The association between the two has to be written somewhere. Can you provide an alternative approach that isn't vulnerable to typos?

Jtsummers · on March 8, 2021

Their point seems to be in the mismatch of names. Imagine seeing this sequence, with names instead of numbers:

  switch(HTTP_METHOD) {
    case PUT: processPut(...);
    case POST: processPost(...);
    case GET: processDelete(...); // wtf
    case DELETE: processGet(...); // mate?
  }

To the reader that appears to be an error even if it is precisely the thing you want to happen.

wvenable · on March 8, 2021

This is basic DRY violation. The number is duplicated twice and that can get out of sync (as in the example).
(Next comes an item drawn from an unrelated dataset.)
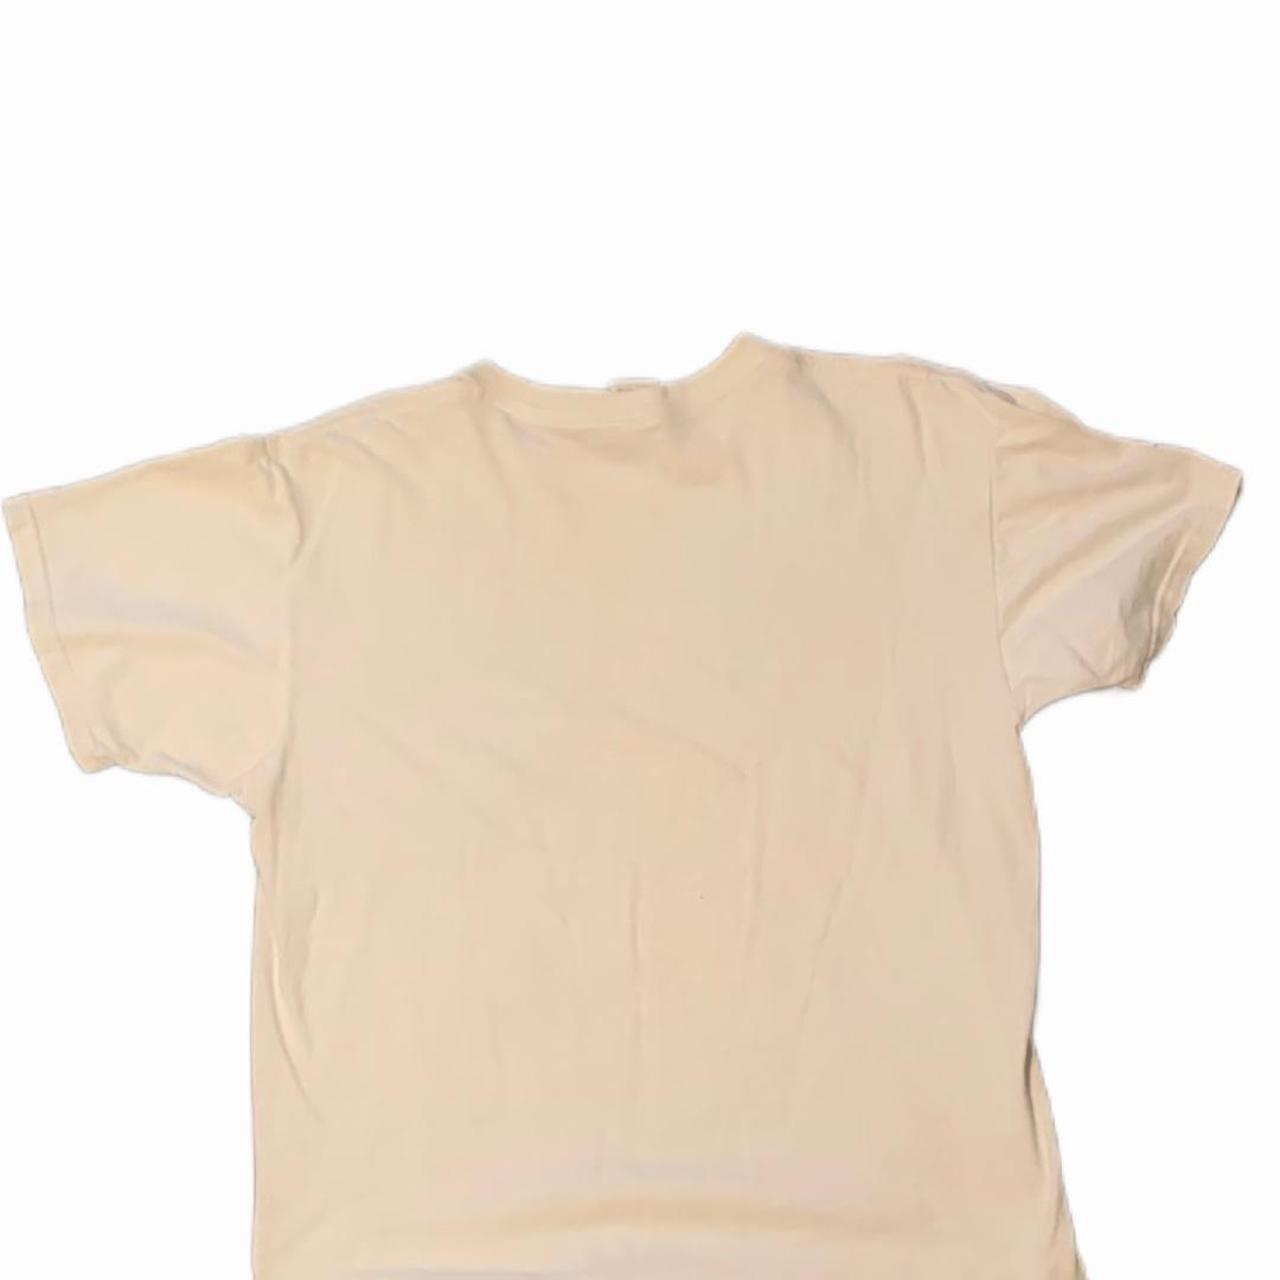 Fit for Me by Fruit of the Loom Men's White and Cream T-shirt (2)
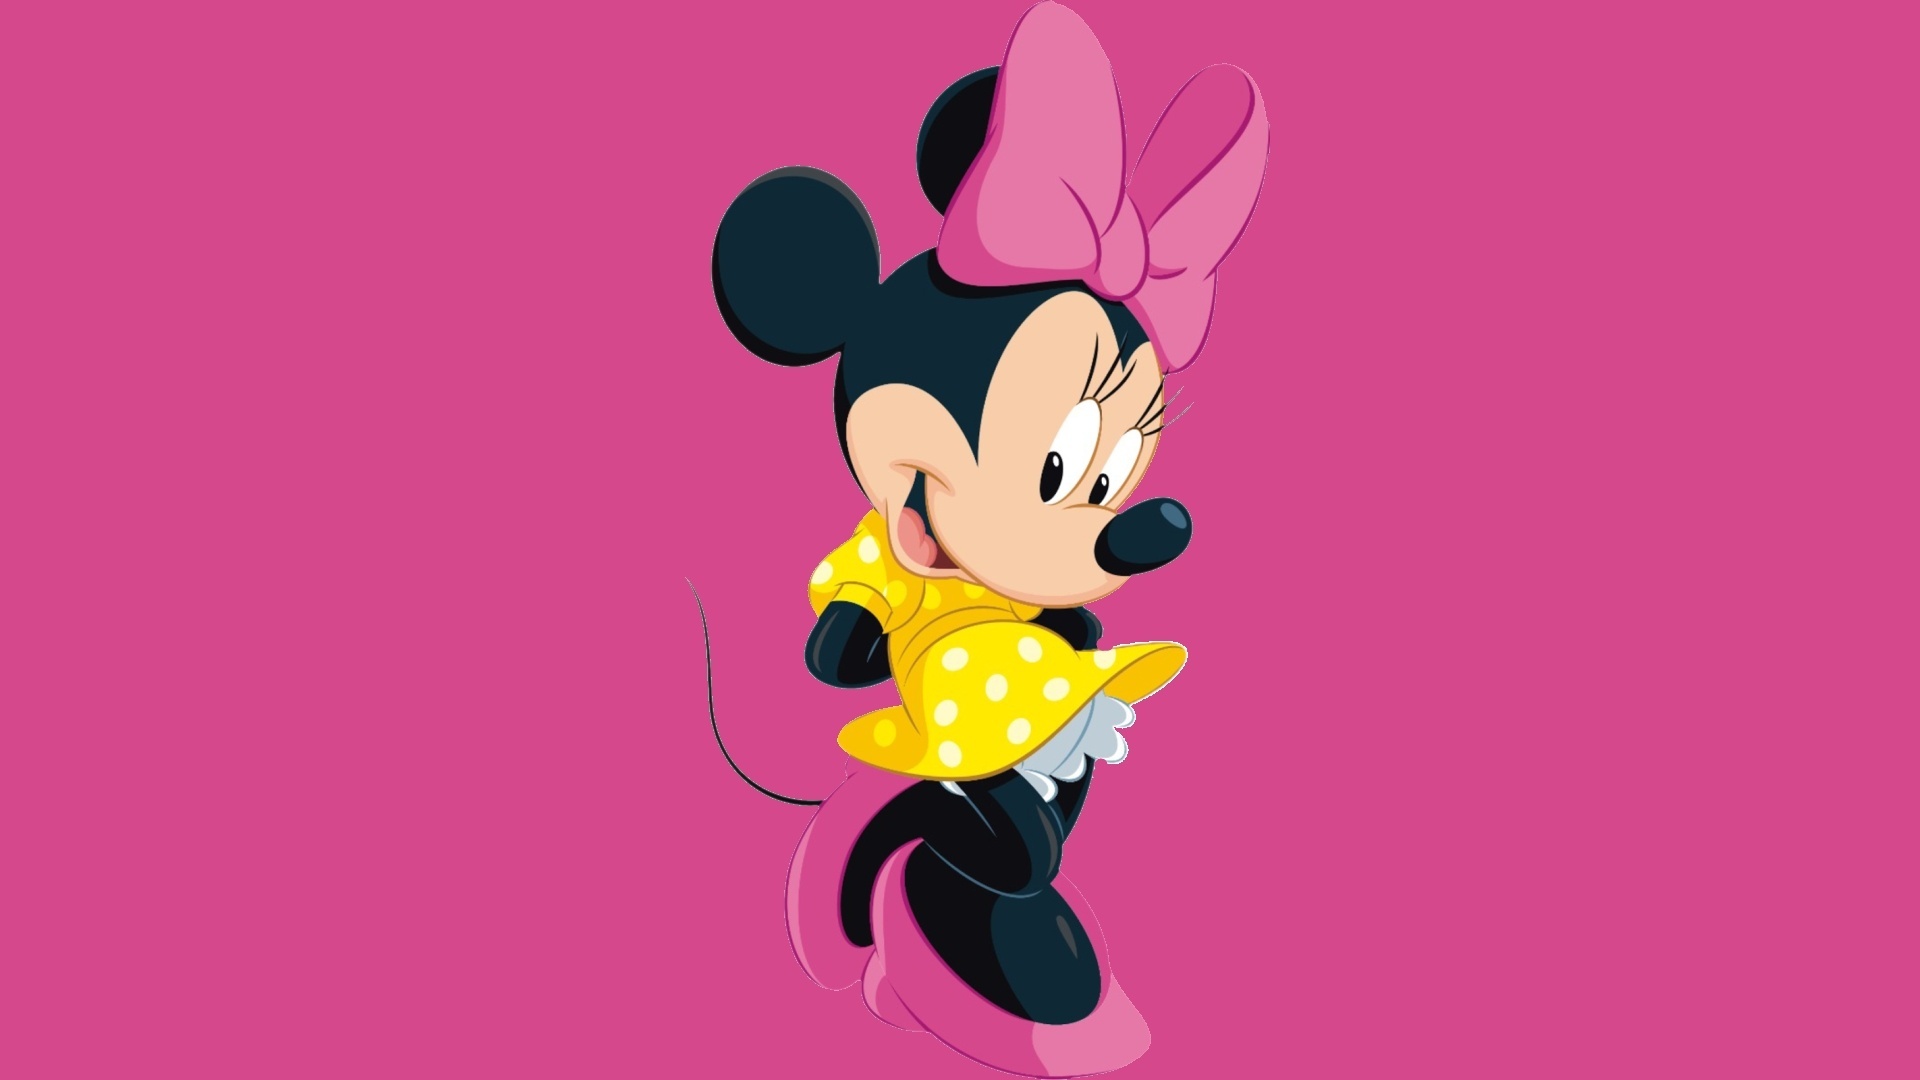 Minnie Mouse Mickey Mouse Pictures HD Wallpapers Download Free Images Wallpaper [wallpaper981.blogspot.com]

I think everyone has coded this way out of expedience and some of us have eventually messed it up too. But you could, for example, use a macro in C to only list the number once. It might not be a trade-off worth making though.

Personally, I've used reflection to do this kind of mapping of enums to functions in a language that supports reflection.

gurkendoktor · on March 8, 2021

The code was inspired by a piece of Java code that rendered geometric primitives. It was basically case "box": return parseBox(); as you suggested in your other post.

Turning "box" into "parseBox" using string operations and then using reflection to call the right method is an approach I'd consider in Ruby, but not in Java. It breaks IDE features like "Find Usages" and static analysis, and the code to dynamically invoke a Java method is more annoying to review than the boring repetition in my posted snippet.

Twisol · on March 8, 2021

> This is basic DRY violation. The number is duplicated twice 2 and that can get out of sync (as in the example).

I think it's pretty clear that the number is a placeholder for something reasonable, e.g. making an association between two distinct sets of concepts. You'll still be vulnerable to copy-paste or typo issues.

> Personally, I've used reflection

Now you have two problems (and still have to maintain an association between two sets of concepts).

wvenable · on March 8, 2021

I don't think most enum-to-function mappings are distinct sets of concepts.

In my own code, I have used the enum name to map to a set of functions related to that enum value. The association is implicit in the name of the enum value and the name of the functions. No way to mess that up like this.

If it was:

    case: KIND_BOX: return parseObjectOfKindBox();

It's no difference. Still repeating "Box".

Leherenn · on March 8, 2021

Depends on your language, but you could use the type system instead; e.g. the function is chosen by the compiler based on the type of the value.

In more dynamic languages, you could probably use introspection.

Lastly, this does not alleviate the association issue, but I prefer the alternative of declaring the associations in an array/map somewhere, and using map[enum_value]() instead of the switch.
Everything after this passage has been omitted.